#### Information shown
====================

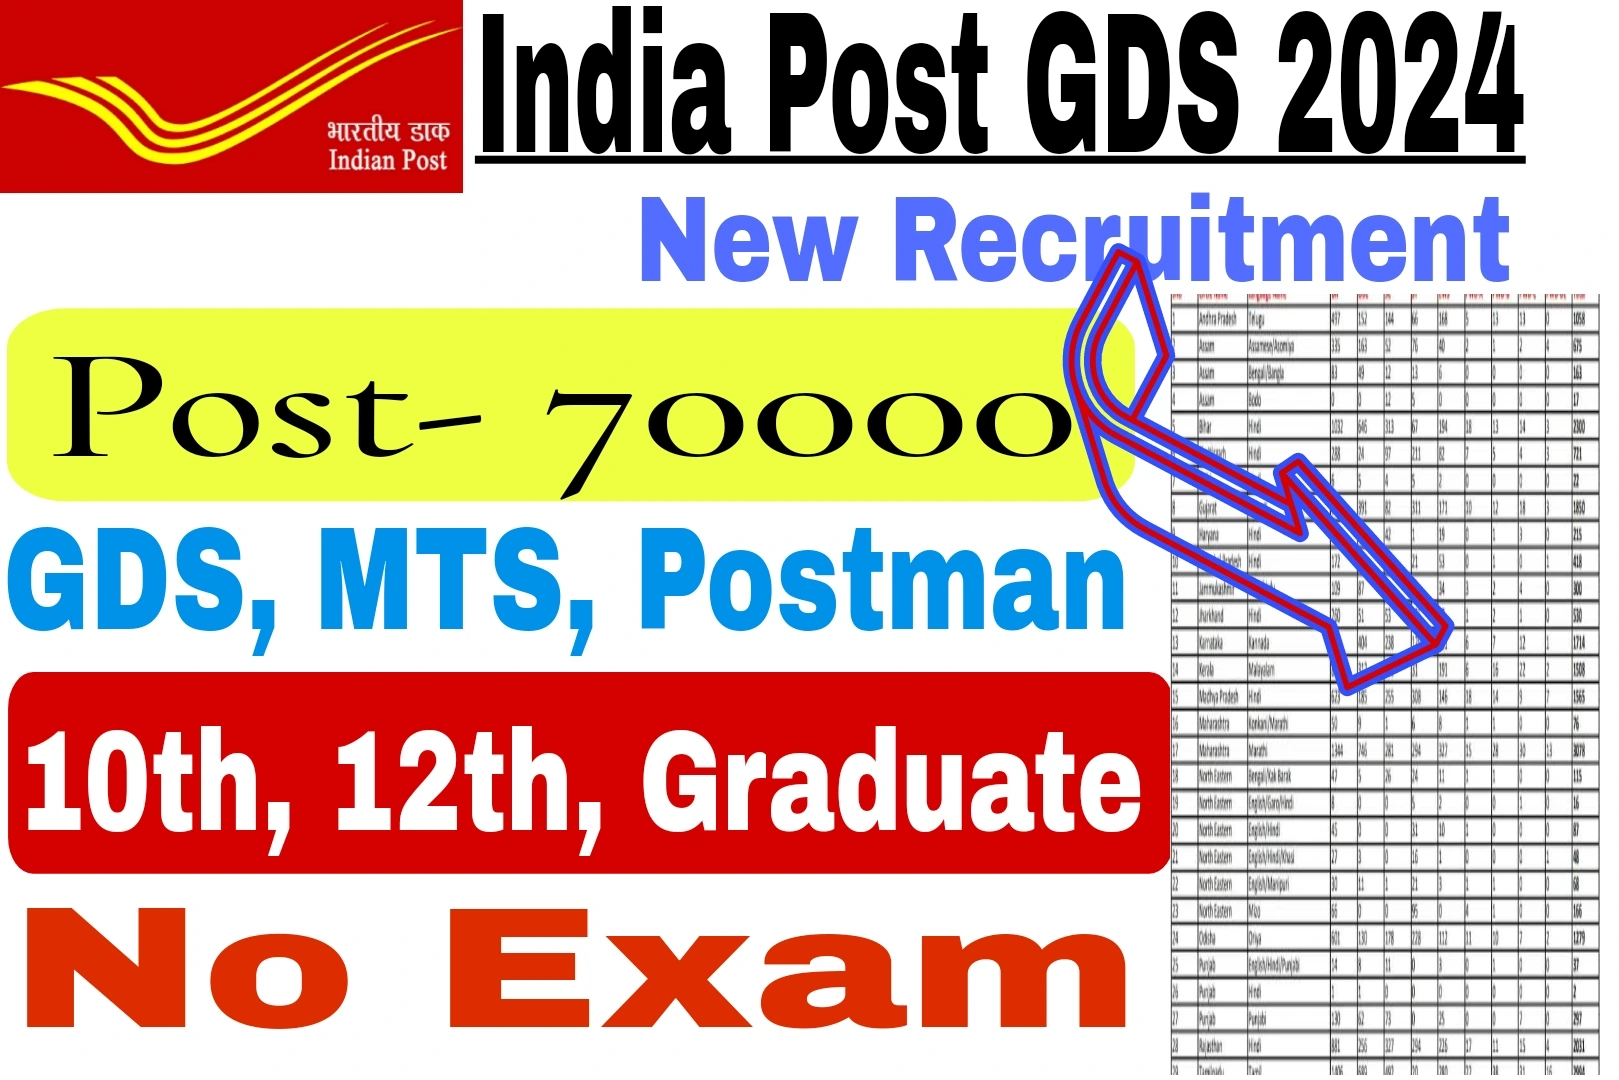 India Post Gds Recruitment Notification Apply Form
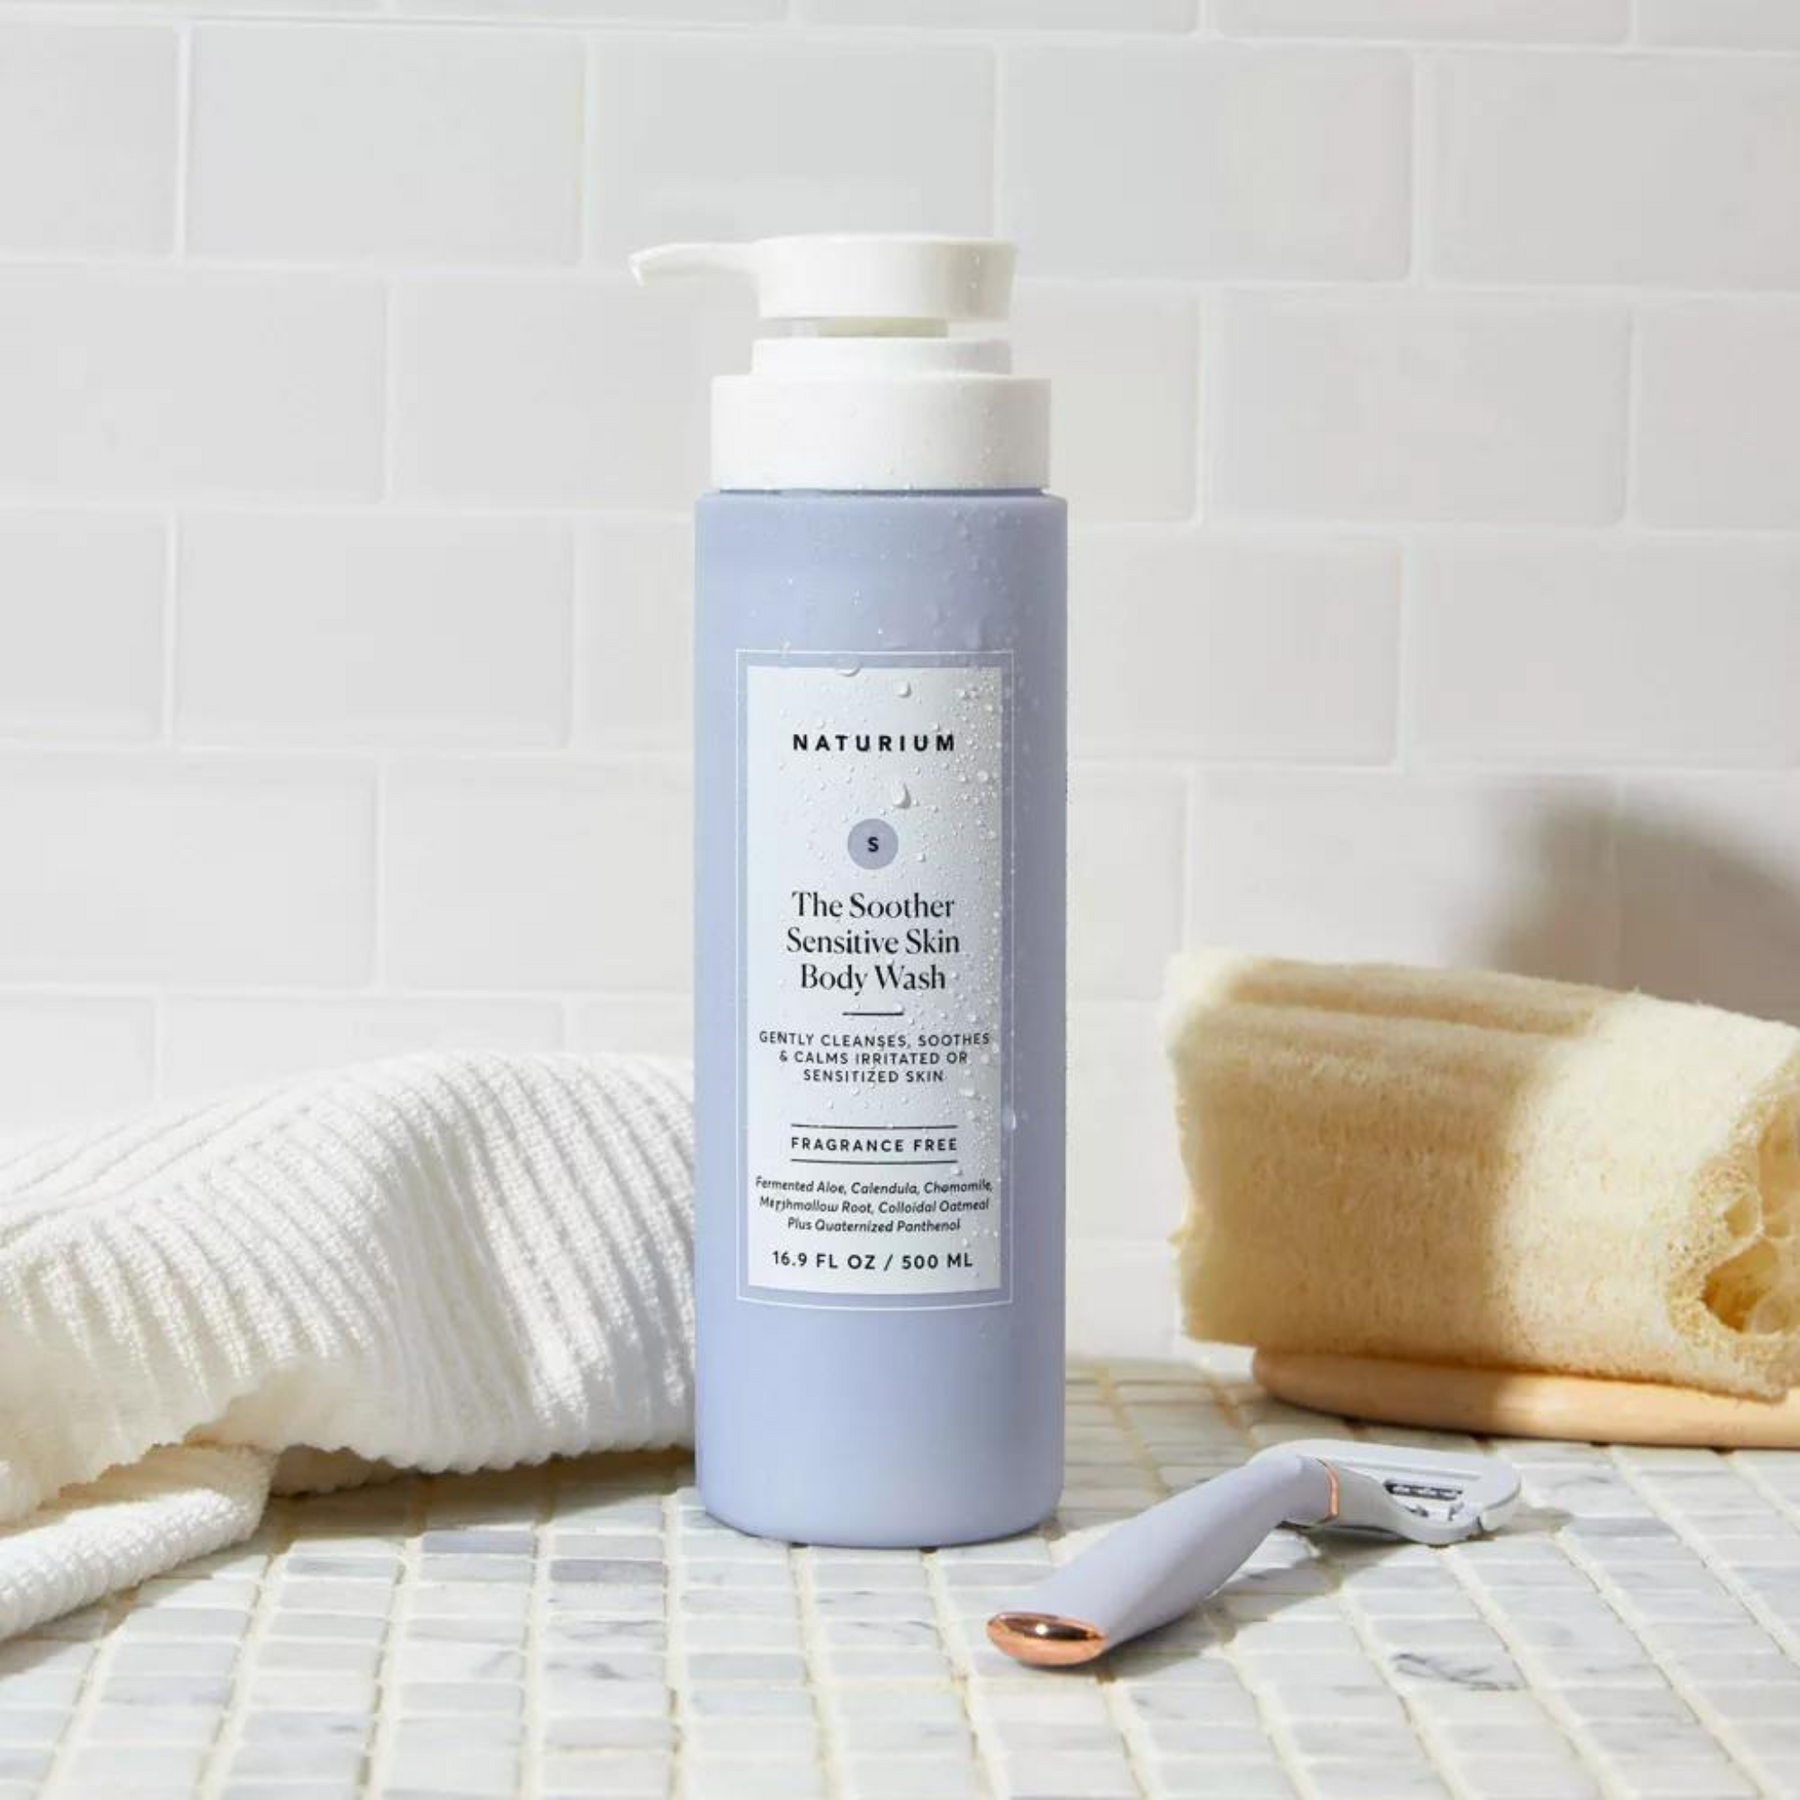 The Soother Sensitive Skin Body Wash
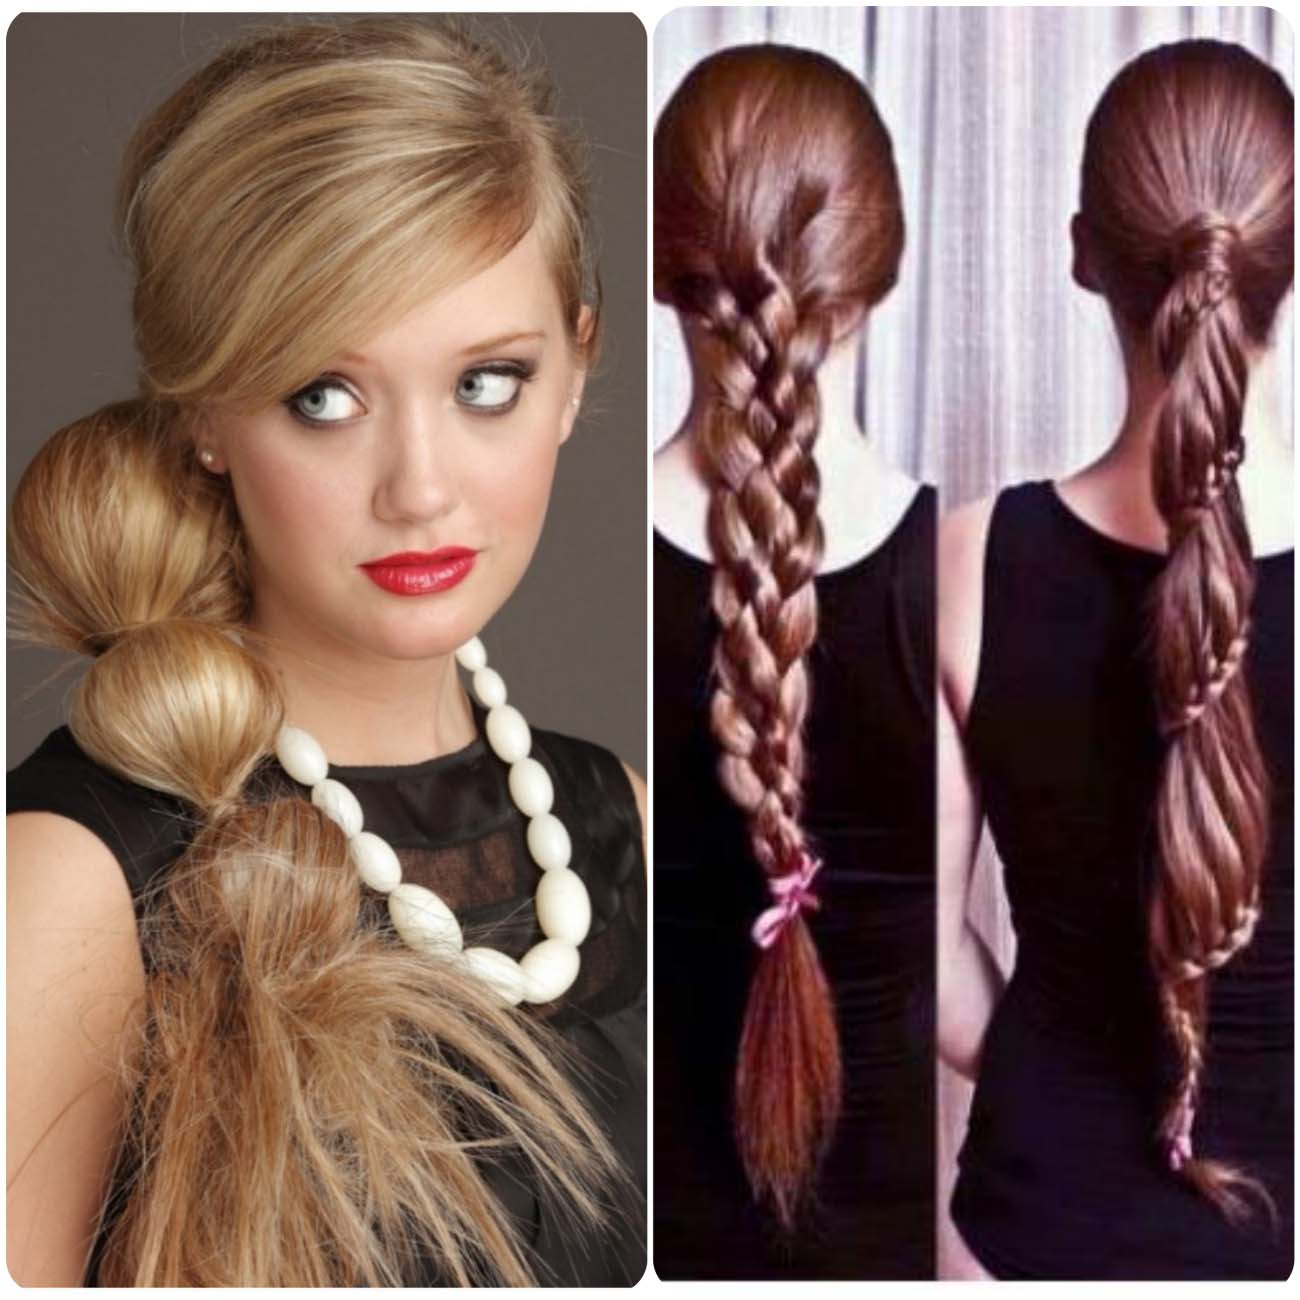 Top-Braid-Hairstyle-for-wintejr-2015-2_Fotor_Collage

====================

#### Exercise description
Leaving every picture aside, transcribe exactly the lines from the one that contains "The Soother Sensitive Skin Body Wash" through the final line of the listing above, inclusive.

#### Exercise answer
 The Soother Sensitive Skin Body Wash
 Top-Braid-Hairstyle-for-wintejr-2015-2_Fotor_Collage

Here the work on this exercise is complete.